The birth of Dolly overturned the assumption among scientists that the whole process of differentiation was irreversible. We all start life as a single cell, the fertilised egg. The cell divides and multiplies and by the time we are born, there are maybe 200 different cell types, each containing the same DNA, the same  30,000 or so genes, but each has differentiated into a particular role.

That role is determined by the proportion of active genes within the cell that determines whether the cell is for example a liver cell or a nerve cell. A presumption among cell biologists was that this was a one way process of progressive and permanent change.

What Dolly demonstrated was that it is possible to take a differentiated cell and essentially turn its clock back; to reactivate all its silent genes and make the cell behave as though it was a recently fertilised egg.

Dolly was also important because she captured the public imagination. A clone, a copy, has been a very discernible strand within science fiction. The idea that there might be an exact copy of oneself somewhere in the world is a theme that has been pursued in science fiction and the prospect that it might be possible to clone a human being excited a lot of speculation and interest.

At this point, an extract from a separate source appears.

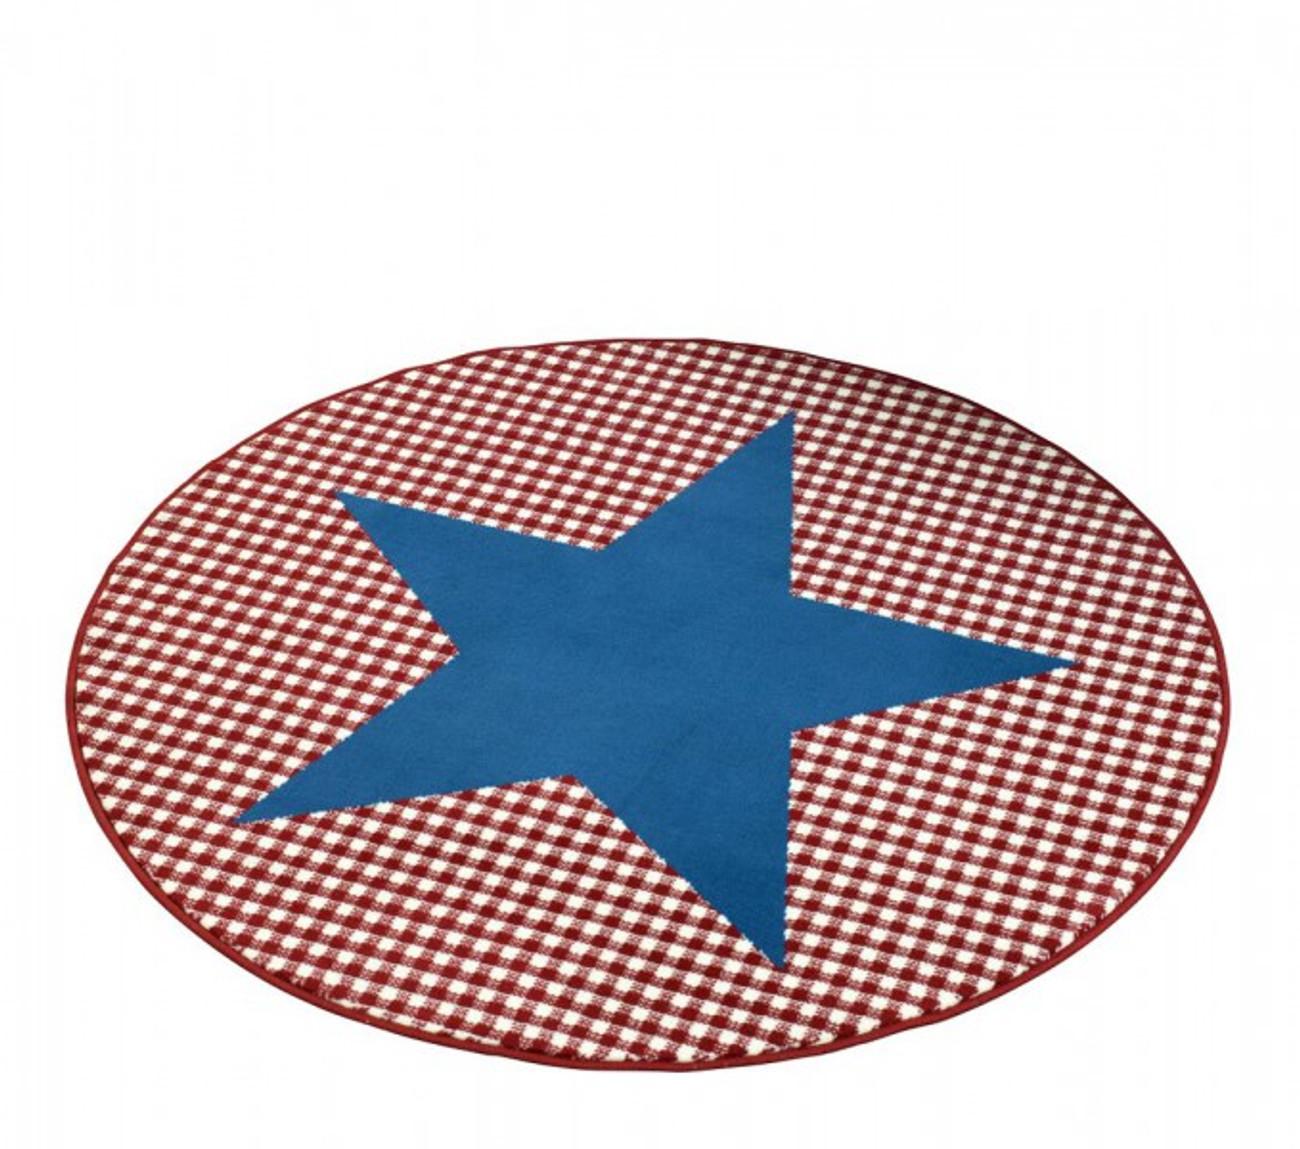 Teppich design rund  Design Velours Teppich Stern Karo rund Blau rot 140 cm | 102320 ...

The likelihood is that the longer lasting benefit will be in the change in perception about biology. Our understanding now is that the cells in our bodies are a lot more plastic than we previously thought and it may be that as we understand more about repair processes, for various organs and tissues, we might find that this understanding informs research that is able to augment the body's normal repair mechanisms.

It may well prove to be an important factor in stem cell research and allow the derivation of stem cells from tissues other than early human embryos. This would alleviate the reservations that many people have about the use of human embryos for research or therapeutic purposes.